Gertrude Kasle Gallery
- Industry: Art gallery
- Founded: 1965
- Founder: Gertrude Kasle
- Defunct: 1976
- Headquarters: United States

= Gertrude Kasle Gallery =

The Gertrude Kasle Gallery was a contemporary art gallery located in Detroit, Michigan. The gallery operated between 1965 and 1976, displaying American contemporary art.

== History ==

The founder of the Gertrude Kasle Gallery, Gertrude Kasle, was born in New York City on December 2, 1917, and began her lifelong career in the art world very early, taking art classes in high school and Saturday classes at the Art Students League. She began her formal studies in art education at New York University (NYU) and later transferred to the University of Michigan. Kasle interrupted her studies during World War II to devote herself to family work while her husband served as a military chaplain. The family returned to Detroit in 1947 and she began classes at the Society of Arts and Crafts. After raising her three children, she enrolled in Wayne State University in 1955, completing her degree in 1962.

As a student in Detroit, Kasle was active in the Friends of Modern Art group at the Detroit Institute of Art, and became Vice President. In 1962, she was approached by Detroit businessman Franklin Siden to help him open a gallery where she would have a one-third partnership. During the first year of Siden Gallery's operations, Kasle introduced Detroit to the work of many notable contemporary American artists, such as Larry Rivers, Grace Hartigan, Robert Goodnough, and Robert Natkin.

Her tenure with the Siden Gallery was short-lived and by 1964 she left and began to contemplate her next move. Several of the artists she had represented at Siden Gallery encouraged her to open her own gallery. Local art critic Joy Hakanson Colby who worked for the Detroit News interviewed Kasle and claimed that Kasle was "looking for gallery space". Responding to the article, the Fisher Building offered Kasle a very attractive lease in the "New Center" area of downtown Detroit that would later become known as the city's gallery center, housing several prominent galleries.

With the help of her husband and son, she opened the doors of the Gertrude Kasle Gallery on April 10, 1965. The opening exhibition featured Larry Rivers, Grace Hartigan, Robert Goodnough, Irving Kreisberg, and Manoucher Yektai. Kasle's goal was to introduce the city of Detroit to the foremost contemporary artists in the country, some already well-established such as Willem de Kooning, Helen Frankenthaler, Philip Guston, Grace Hartigan, Robert Motherwell, Lowell Nesbitt, Claes Oldenburg, Charles Pollock, Larry Rivers, and Jack Tworkov, as well as others just becoming known, such as Jim Dine and Ian Hornak. Through group and one-man shows, the Gertrude Kasle Gallery represented contemporary painting, mixed media, and sculpture, focusing primarily on the Abstract Expressionist movement. The gallery also fostered many local Detroit artists, giving them their first shows, including Al Loving and Brenda Goodman.

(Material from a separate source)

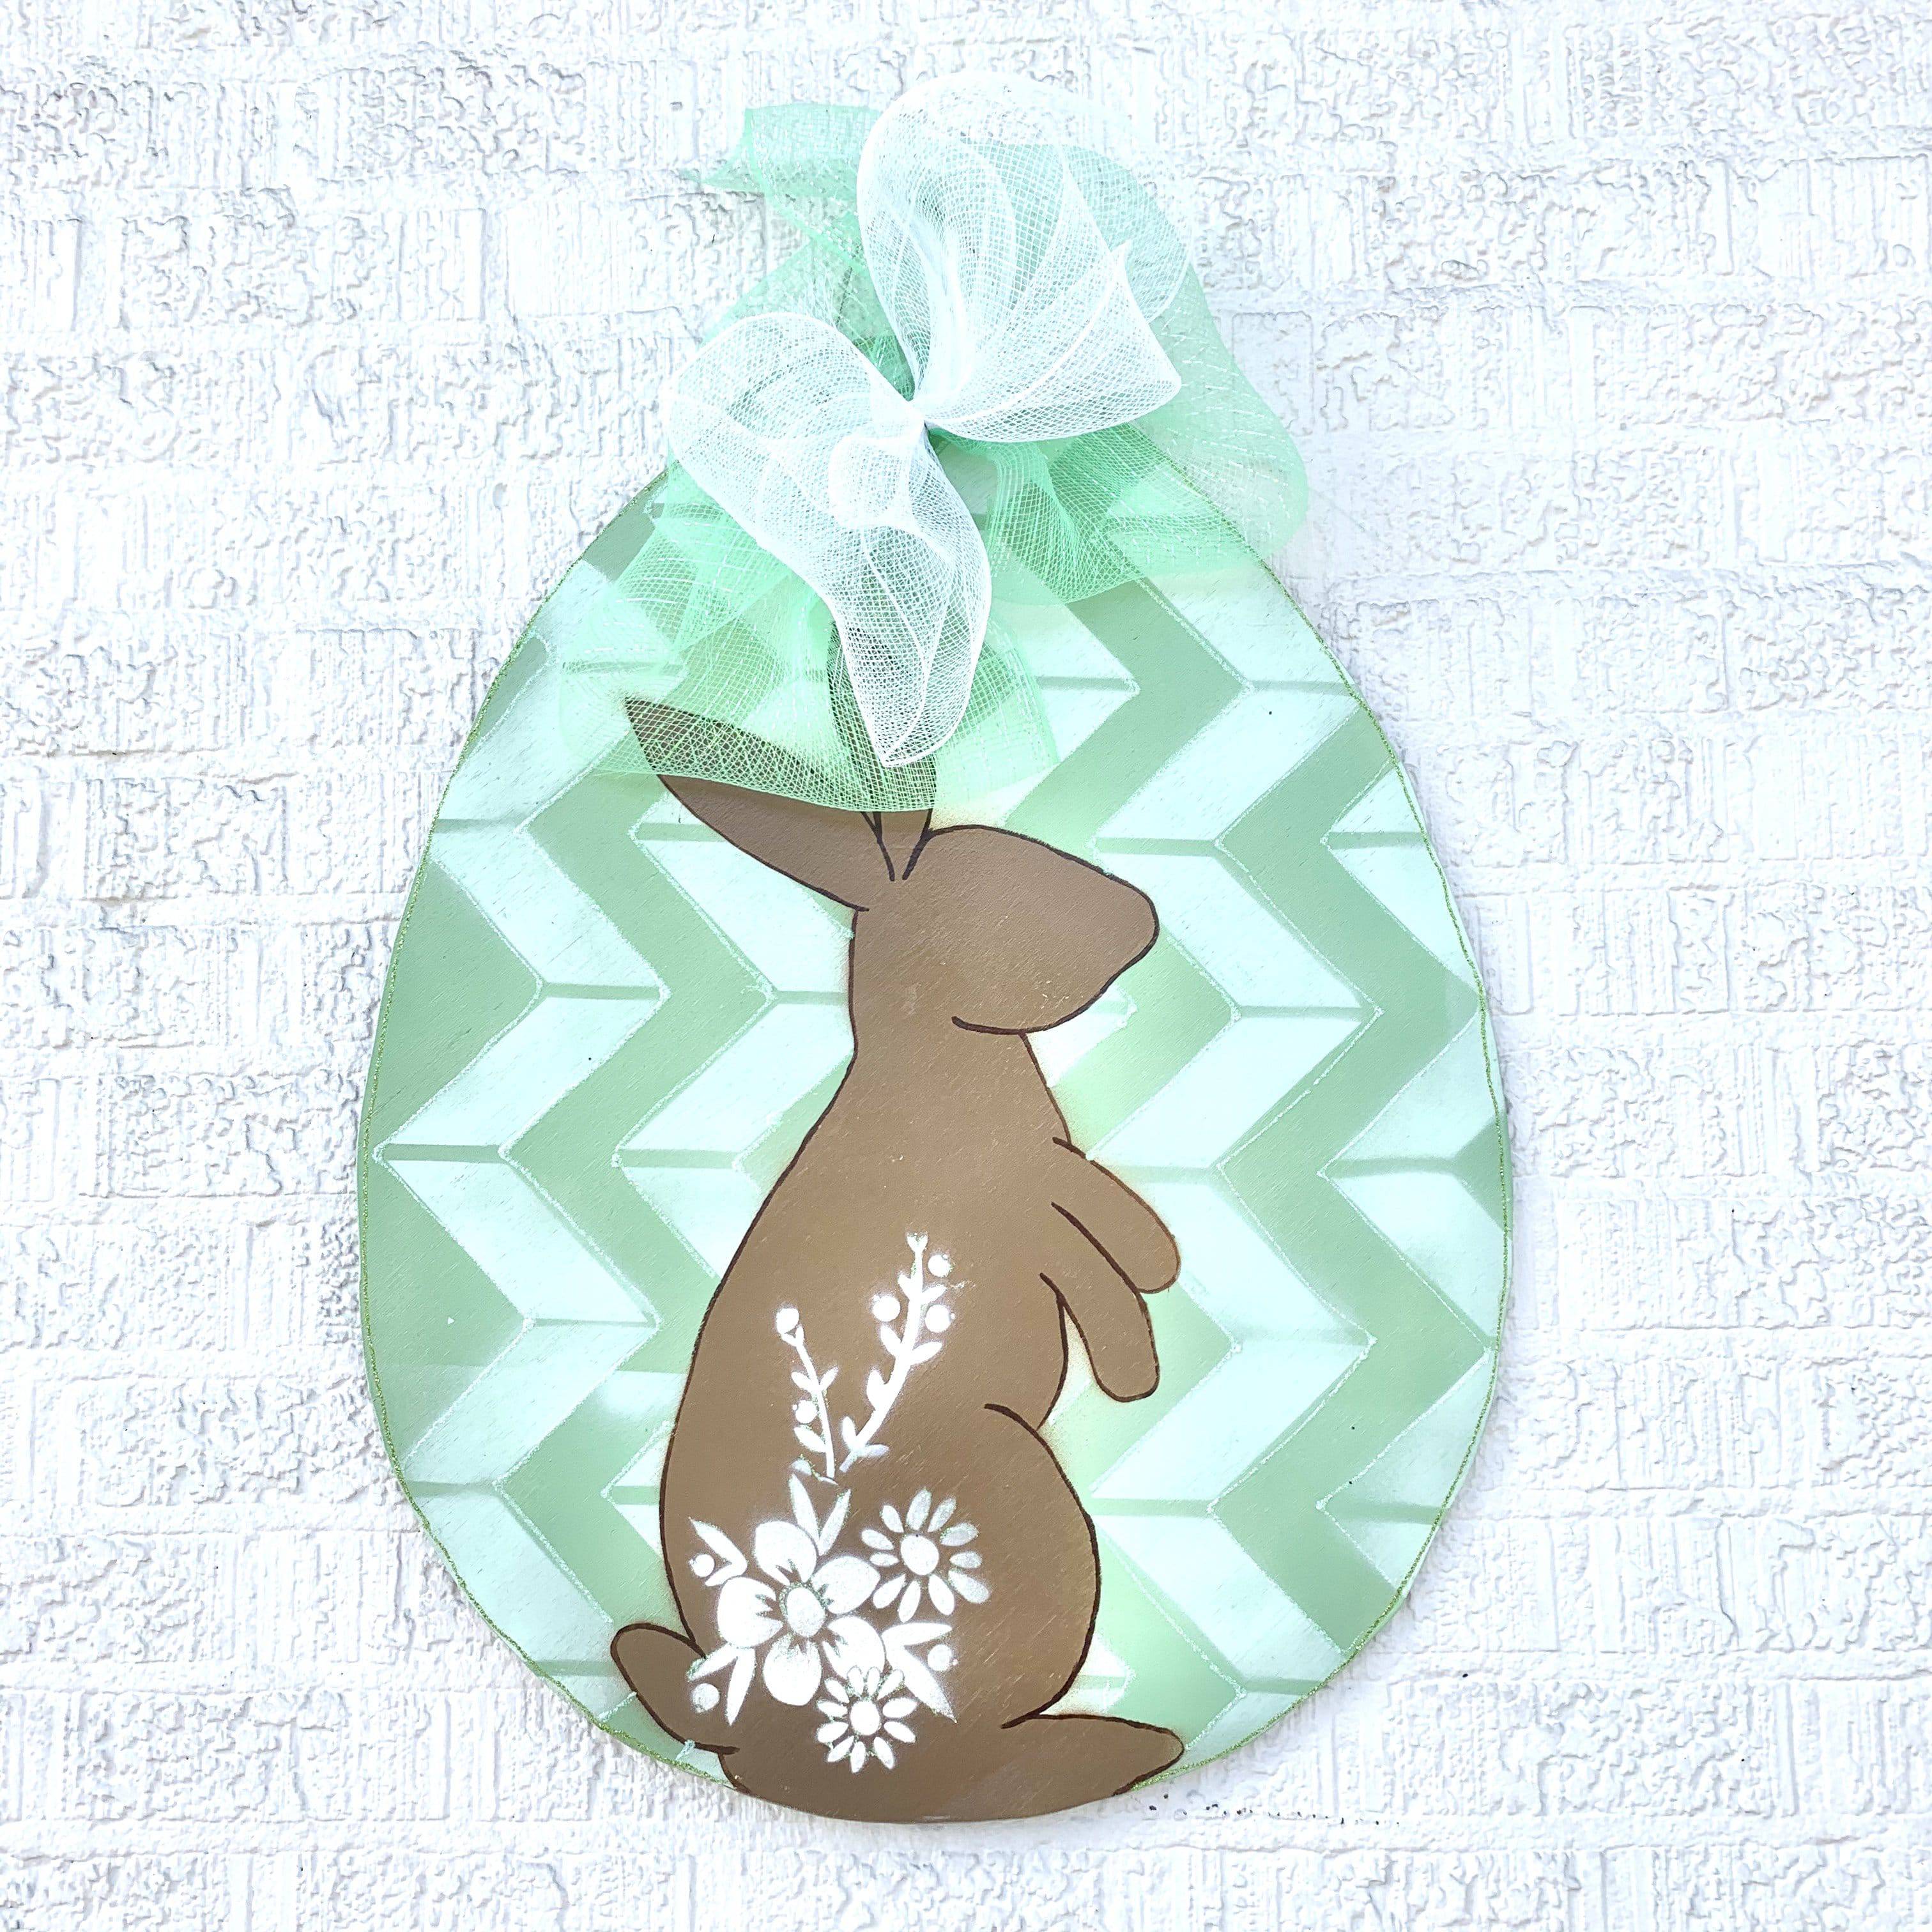 Toodle Lou Designs - Toodle Lou Designs Egg With Bunny Silhouette Wooden Door Hanger - Little Miss Muffin Children & Home
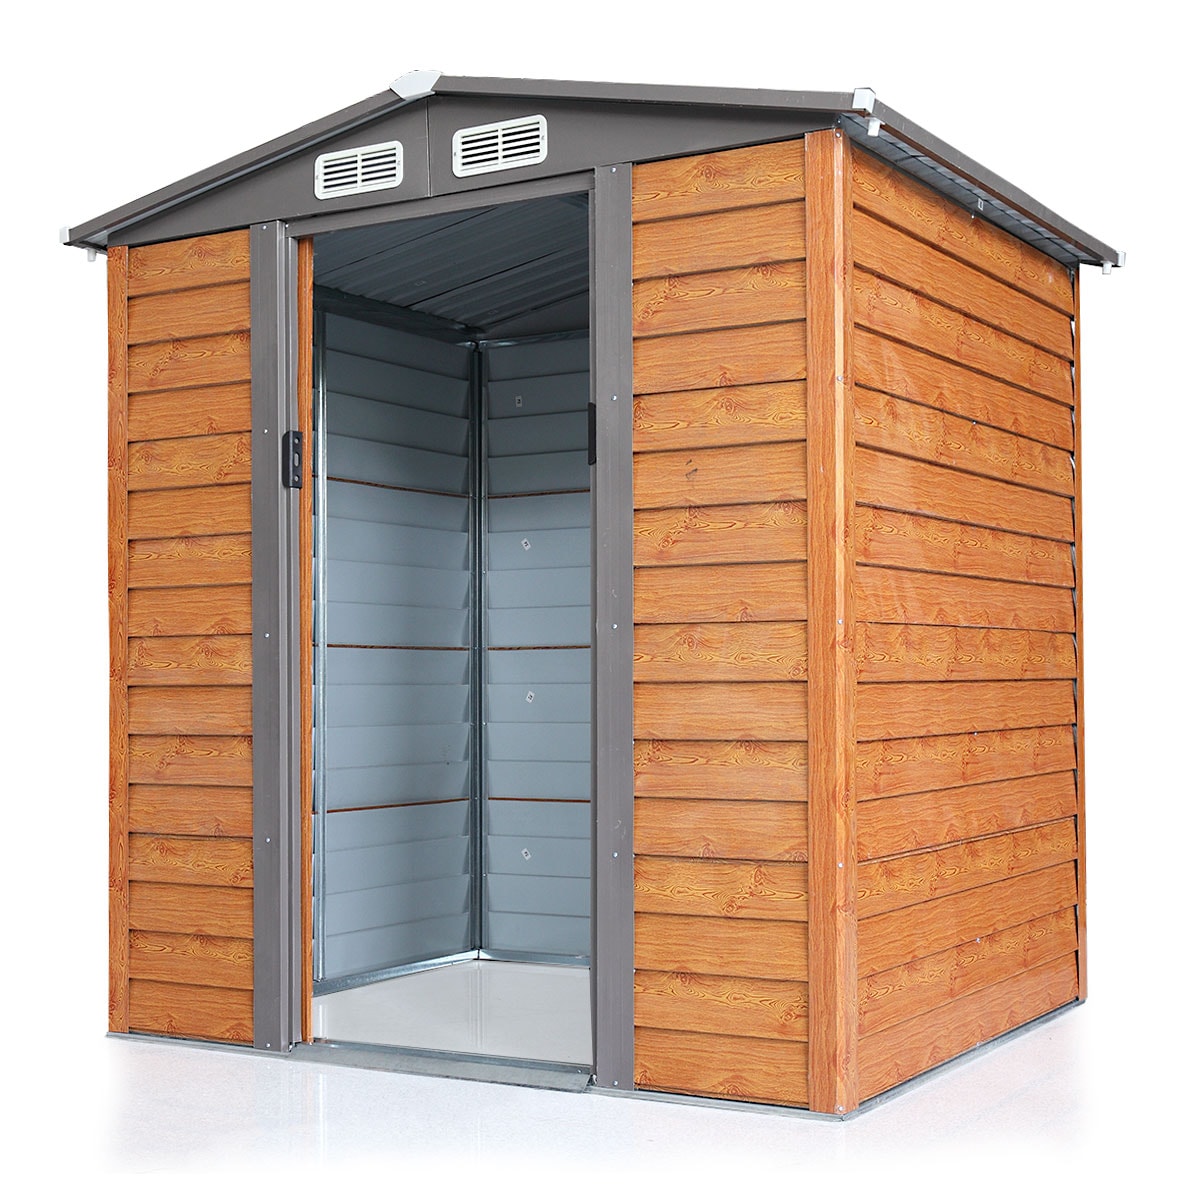 Jaxpety Outdoor Storage Shed 5 X 6 Ft, 6 Ft Garage Door For Shed

During her earlier tenure with the Siden Gallery Kasle had worked with Tatyana Grosman of Universal Limited Art Editions which produced original prints of contemporary artists including Jasper Johns, Robert Rauschenberg, and Jim Dine. In her own gallery, Kasle continued her business relationship with Grosman and fine art print publishers, allowing the gallery access to many artists that were previously unattainable.

For eleven years the Gertrude Kasle Gallery operated as a thriving contemporary art gallery, forming the nucleus for the growing Detroit modern and avant garde art scene during the sixties and seventies. Although financially the gallery was not as successful as hoped, it provided a cultural forum for artists and Detroit art enthusiasts to convene, learn, and celebrate. In April, 1976 the gallery closed. When asked why she was closing the gallery, Gertrude Kasle said, "Because the need for a gallery like mine isn't as great as it was in the 1960s. Today the public respects and understands more about creative innovation in contemporary art." (Hakanson Colby, March, 1976) Although the gallery formally closed, Kasle continues to work as an art consultant and live in Detroit.